I was ashamed to admit that I’d been in the service because I knew what the assumptions about my character would be. There was certainly no pride felt in my family about my service. There was grief when I went in, and I think some embarrassment. “Nice” girls didn’t join the Army.
—Major, Army, heterosexual
Since the 1940s, when women began to enter the military in significant numbers, questions have been raised about their intent, their ability, and, perhaps most frequently, their character. It was believed that a woman who would place herself in an environment that was both numerically and ideologically “male” must either be looking for a husband or for multiple sexual partners or must wish that she were, in fact, male. But, while the focus on the military may have been new, questions about women’s participation in domains previously defined as male were not. When women first sought to attend college, it was widely believed that education might damage a woman’s reproductive system.
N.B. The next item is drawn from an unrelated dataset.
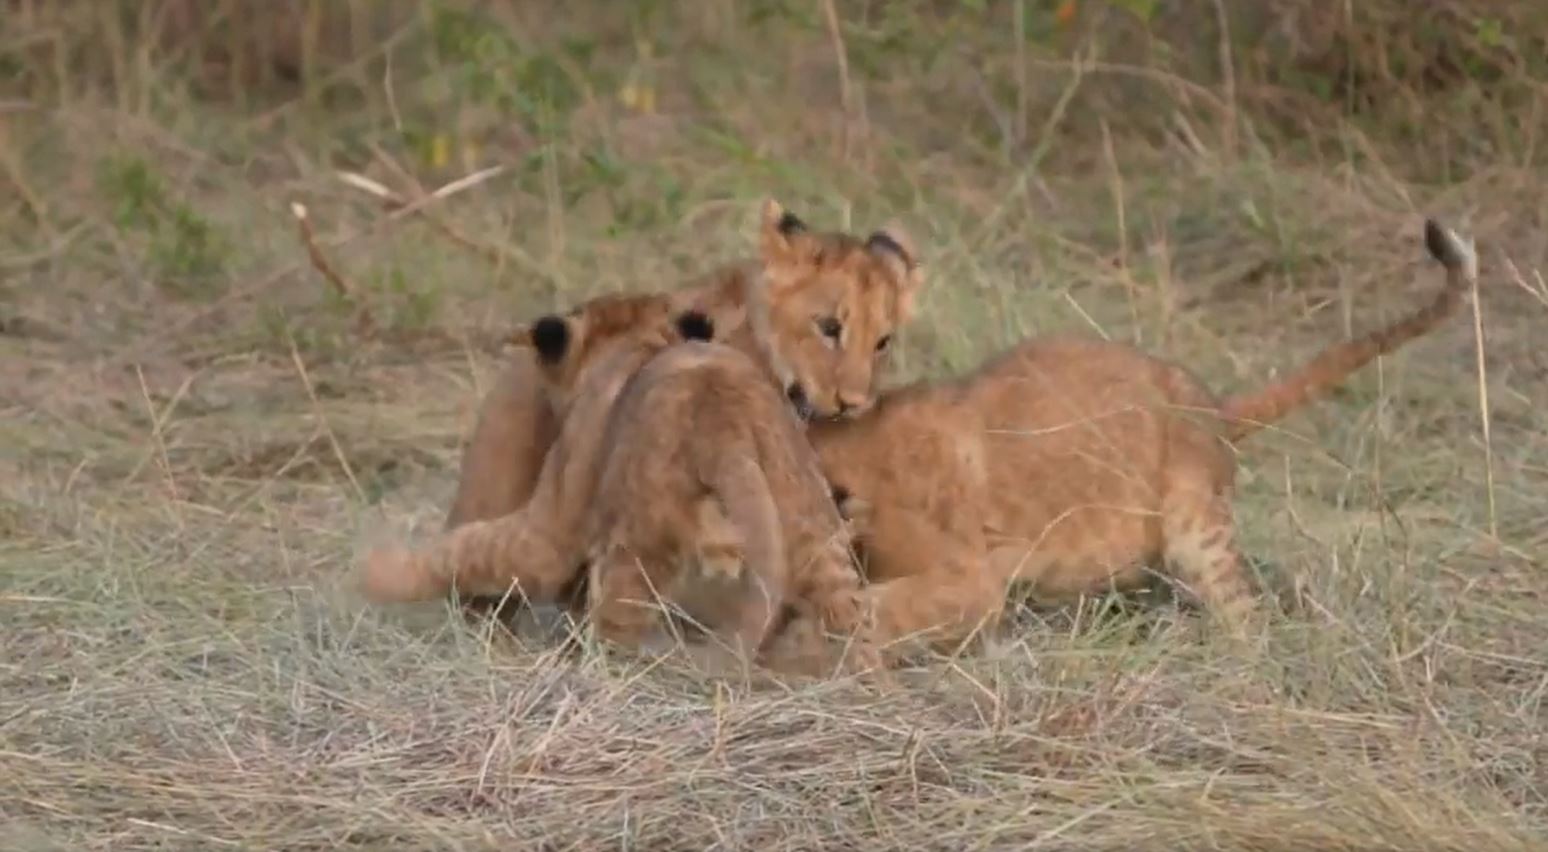  Ich beobachte gerade eine Löwenfamilie mit drei Babys, die gerne spielen. Es ist herrlich diese wunderbaren Geschöpfe zu fotografieren.

When women sought to participate in sport, similar fears were expressed. In addition, as with the military, concern was voiced about what kind of women might want to participate in such activities in the first place.
When women seek to enter male domains, they are often confronted by societal expectations concerning what constitutes a “real woman.” Surely a “real woman” doesn’t want to carry a weapon, sleep in a foxhole, or go for weeks without a shower. A “real woman” doesn’t want to do “men things.” Sociocultural notions of what constitutes femininity and masculinity are used to insure that women who push the boundaries of gender are censured for such behaviors. While one mechanism is the threat that they are somehow less than “real women,” another is the threat of labeling them “lesbian.” A “real woman” does not do that most manly of “men things,” sleep with women. Gender and sexuality are intertwined in such a way that notions of appropriateness in one are used to reinforce the other.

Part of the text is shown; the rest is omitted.